PNG’s compatibility is guaranteed by its age and the breadth of its adoption. Every image processing library, every operating system API, every browser, and every graphics toolkit includes PNG support as a baseline capability. This universality is a structural property of the format rather than a feature that needs to be checked.
PNG’s lossless compression means the conversion from WebP to PNG preserves every pixel that the WebP file contains. No quality is lost in the conversion. The PNG is an exact pixel-accurate representation of the WebP source.
PNG also supports colour profiles, metadata, and the full alpha channel specification. Transparency in the WebP source is preserved exactly in the PNG output. Partial transparency values on anti-aliased edges and feathered regions carry over at full precision.
PNG files are larger than WebP files for the same image content. PNG uses lossless compression optimised for patterns in pixel data, while WebP uses a more efficient algorithm that achieves smaller sizes for both lossless and lossy compression. Expect the PNG output to be 30 to 60 percent larger than the source WebP.
If the source WebP was lossy, the PNG output will be lossless but will preserve the compression artifacts introduced by the original WebP encoding. Converting a lossy WebP to PNG does not recover the original uncompressed image. It creates a lossless record of what the lossy WebP displayed.
For archiving purposes, the larger PNG file size is often an acceptable trade-off. The PNG represents the image at the highest fidelity achievable from the WebP source and will remain compatible with every tool that needs to open it now or in the future.
Sending images in email requires PNG or JPEG in most cases. The major email clients, including Apple Mail, Outlook, and Thunderbird, do not render WebP attachments or embedded images. Converting to PNG ensures the recipient sees the image regardless of their email client or operating system.

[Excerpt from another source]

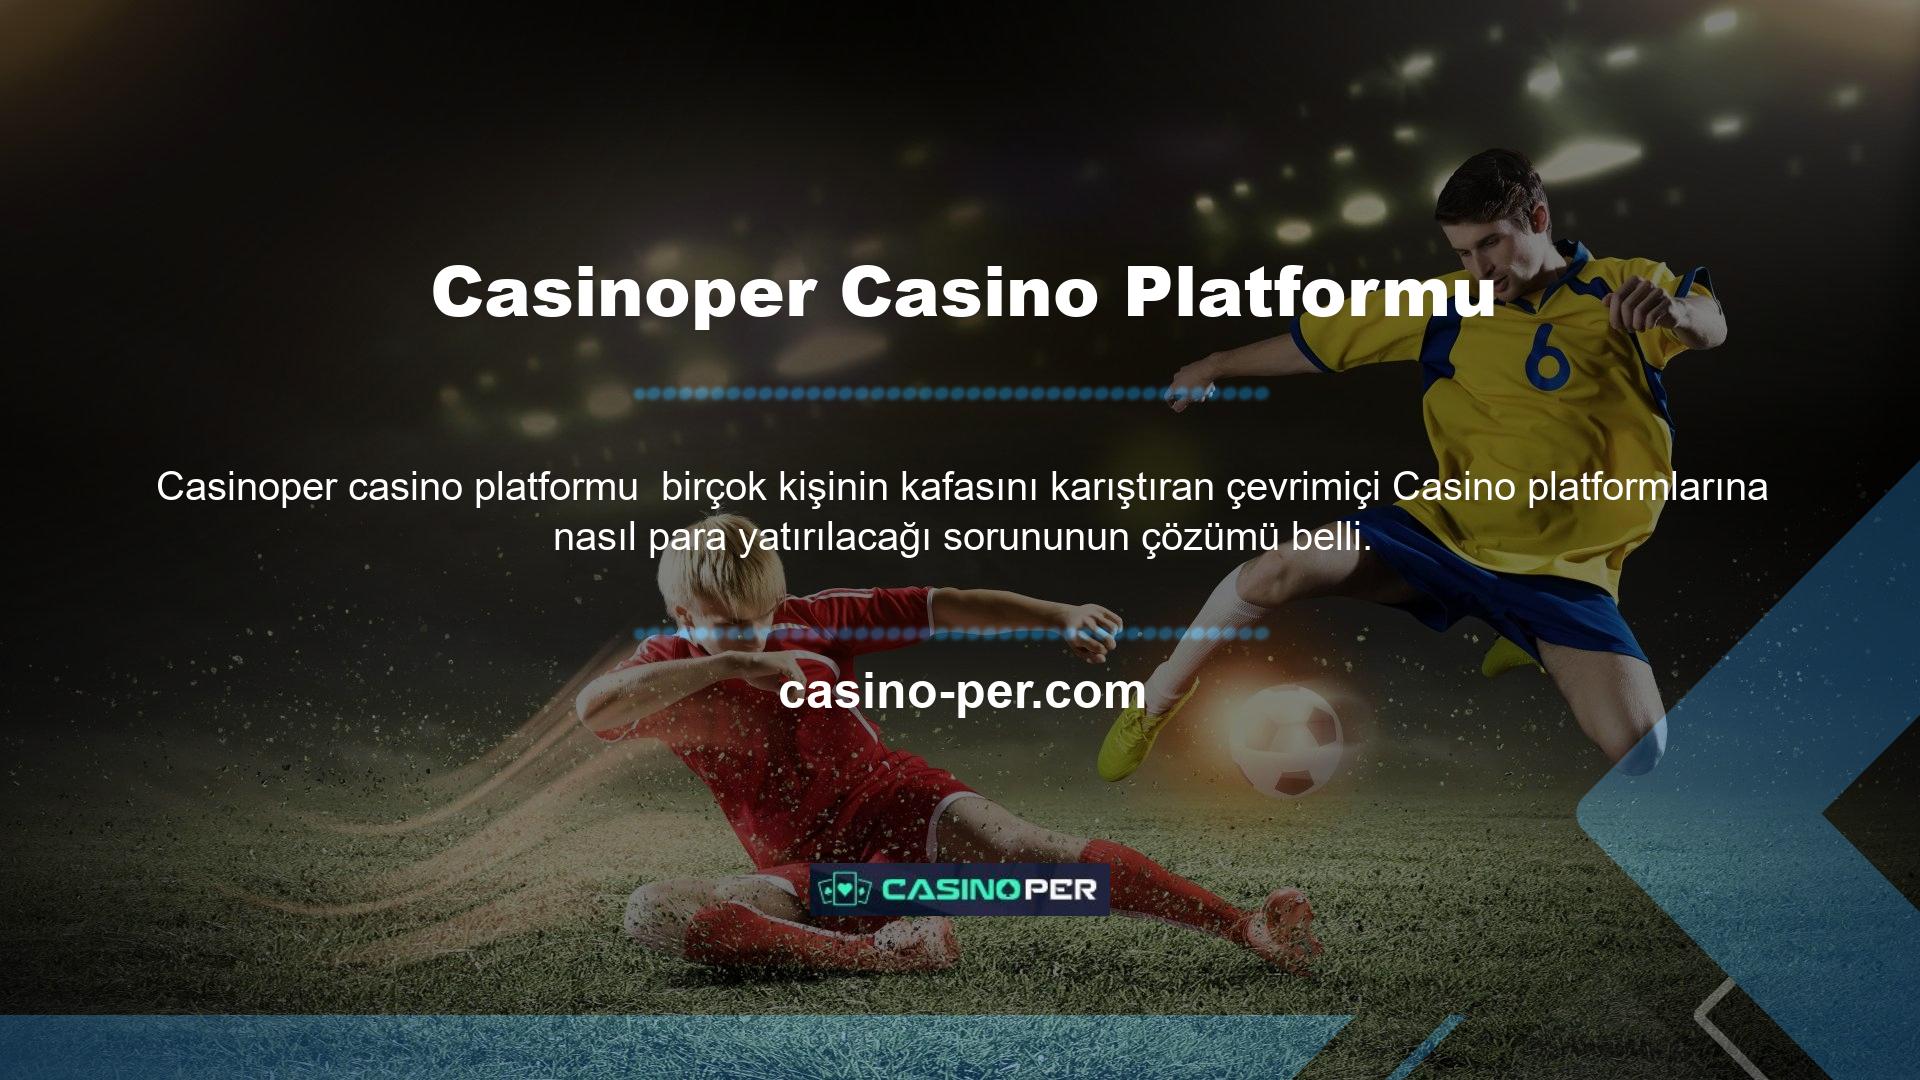 Bazı uluslararası web siteleri, çevrimiçi Casino sitelerinin yol açtığı tıkanıklığı hafifletmek için alternatifler sunmuştur

Submitting images to stock libraries, print bureaus, and publication platforms often requires PNG or TIFF. These platforms specify PNG because it is a lossless format that every submission tool can validate and process without format-specific handling. A WebP file submitted to a print platform that does not list WebP in its accepted formats will be rejected or silently stripped.
Sharing images with collaborators who use design software without WebP support requires conversion before the handoff. A WebP asset delivered to a team member using an older version of Photoshop forces them to install a plugin or request a different format. Converting to PNG removes the friction from the collaboration.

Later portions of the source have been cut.